ACTIVITY
In the entries that follow, find the line containing "木製テーブル 机 幼児机　キッズテーブル" and the line containing "Устойчивое виноградарство /", then retype exactly the lines from the first through the second, pictures excluded.

━━ EXTRACTED DATA

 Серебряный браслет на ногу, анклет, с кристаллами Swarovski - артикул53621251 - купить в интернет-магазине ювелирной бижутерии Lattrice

━━━━
━━ EXTRACTED DATA

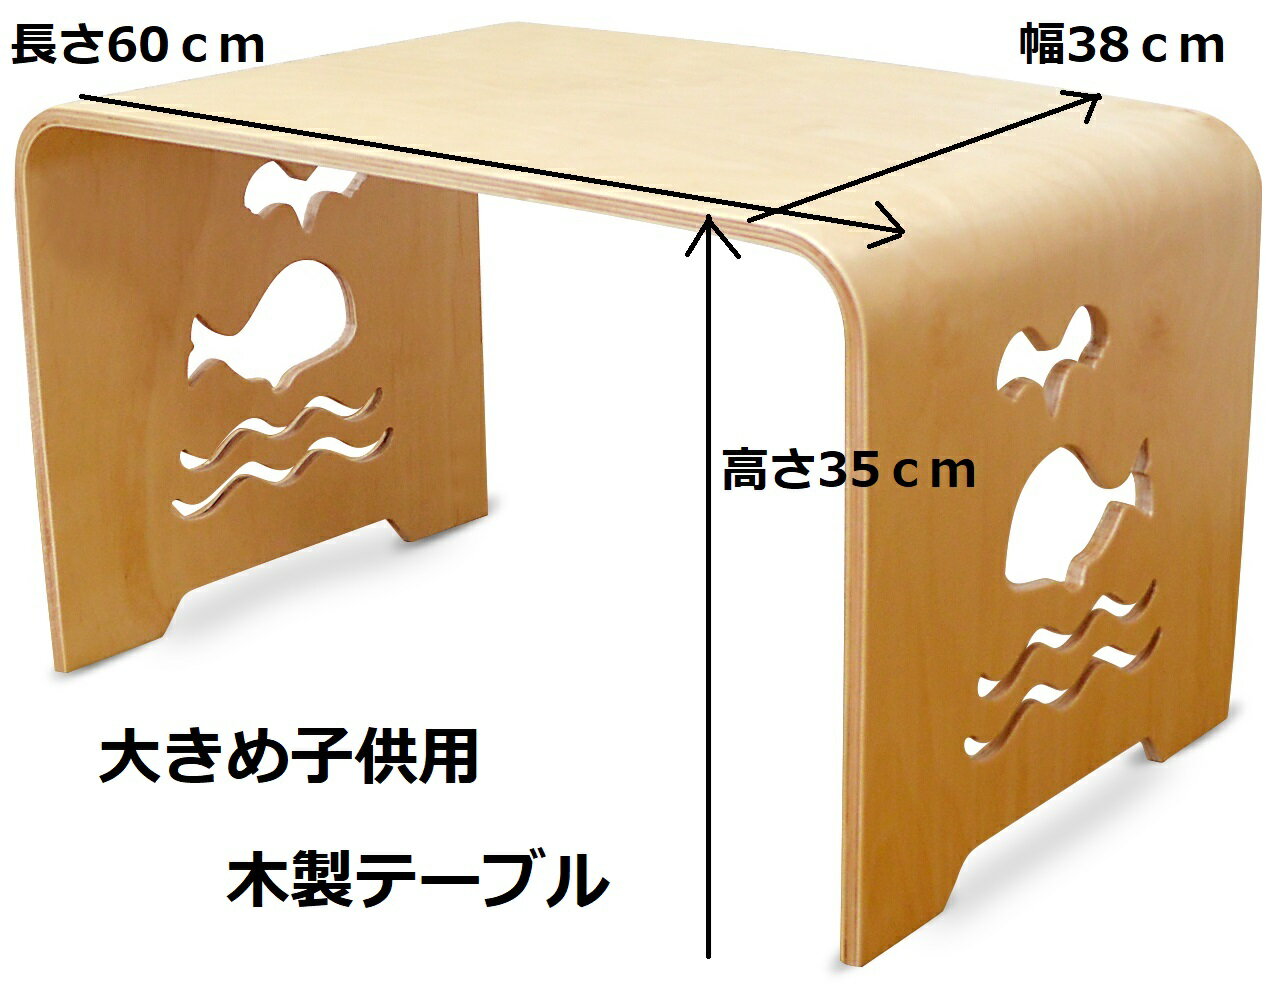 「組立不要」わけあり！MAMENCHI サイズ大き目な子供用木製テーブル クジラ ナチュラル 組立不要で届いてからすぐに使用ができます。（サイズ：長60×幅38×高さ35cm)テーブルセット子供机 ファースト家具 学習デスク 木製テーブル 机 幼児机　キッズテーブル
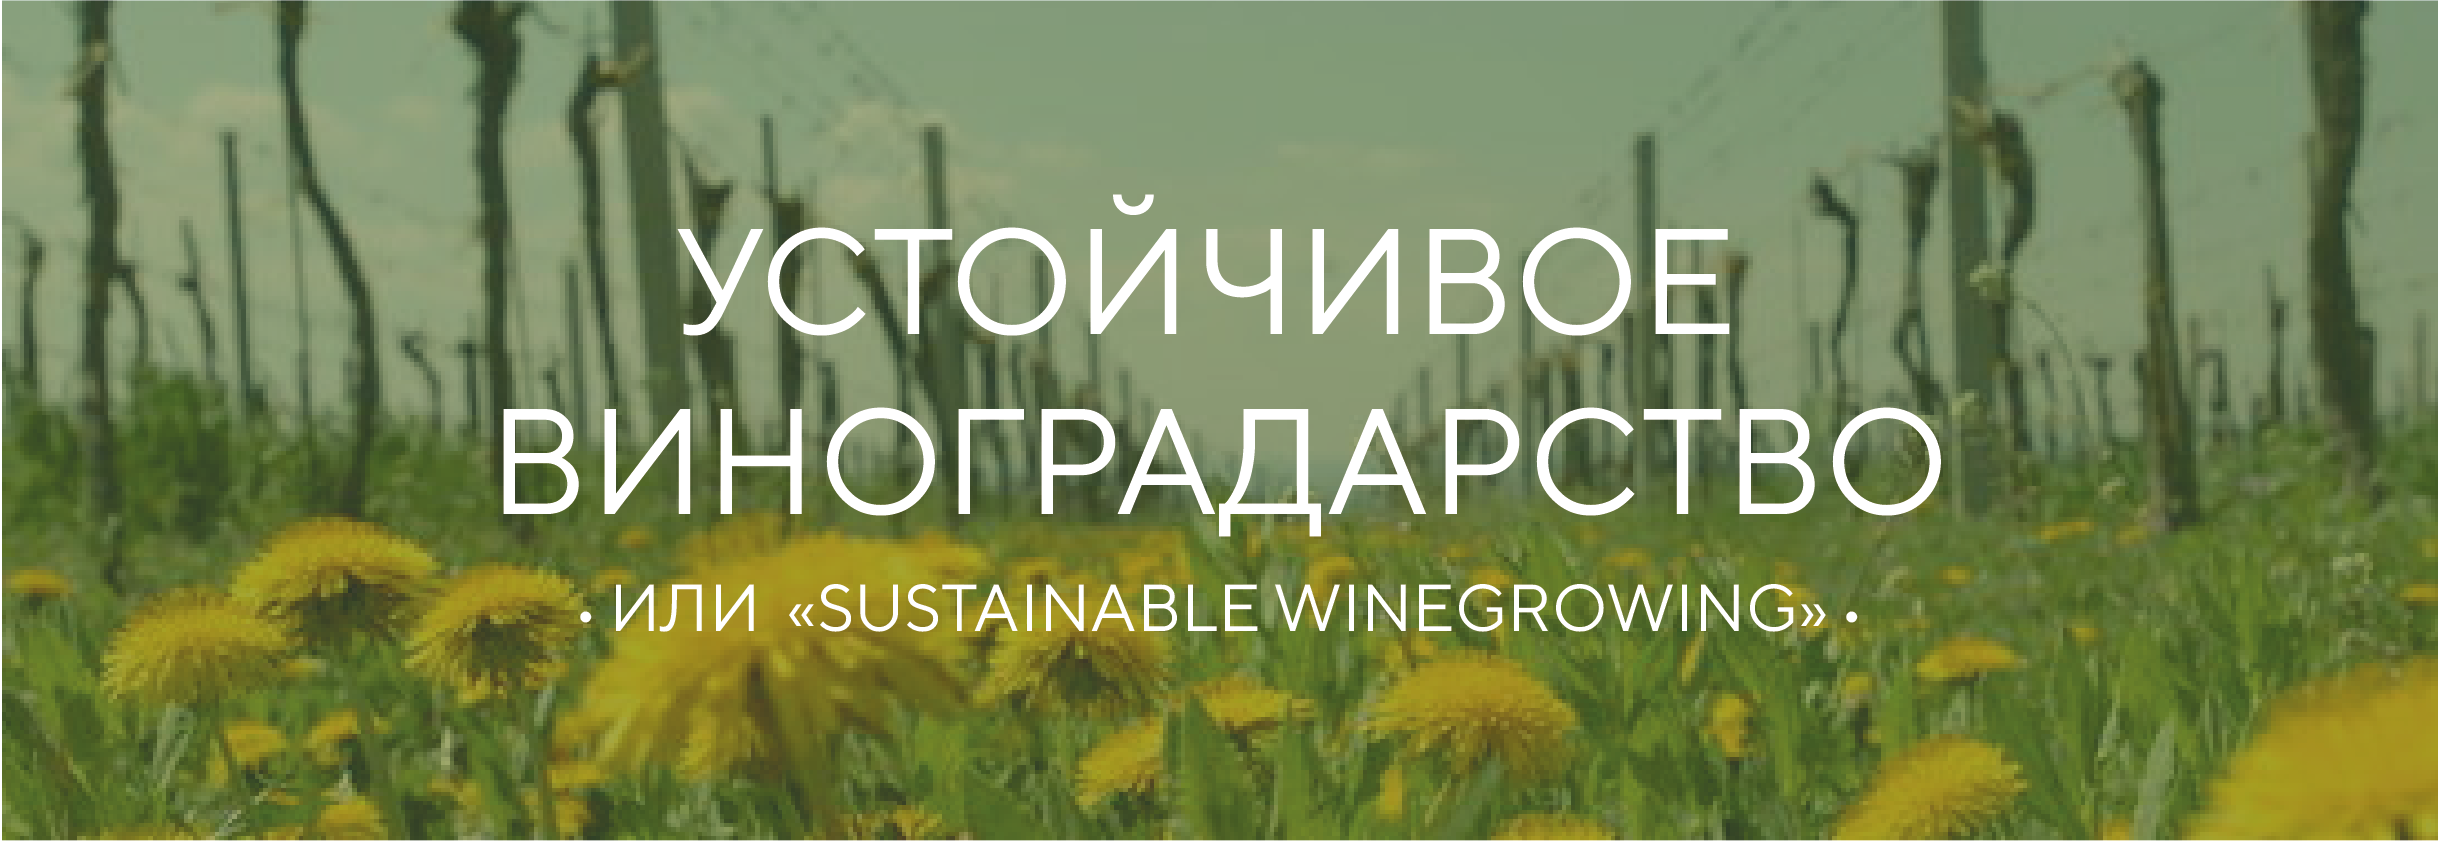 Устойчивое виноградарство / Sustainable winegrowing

━━━━
━━ EXTRACTED DATA

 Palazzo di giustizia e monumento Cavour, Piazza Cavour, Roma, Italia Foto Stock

━━━━

RESPONSE AREA
 「組立不要」わけあり！MAMENCHI サイズ大き目な子供用木製テーブル クジラ ナチュラル 組立不要で届いてからすぐに使用ができます。（サイズ：長60×幅38×高さ35cm)テーブルセット子供机 ファースト家具 学習デスク 木製テーブル 机 幼児机　キッズテーブル
 Устойчивое виноградарство / Sustainable winegrowing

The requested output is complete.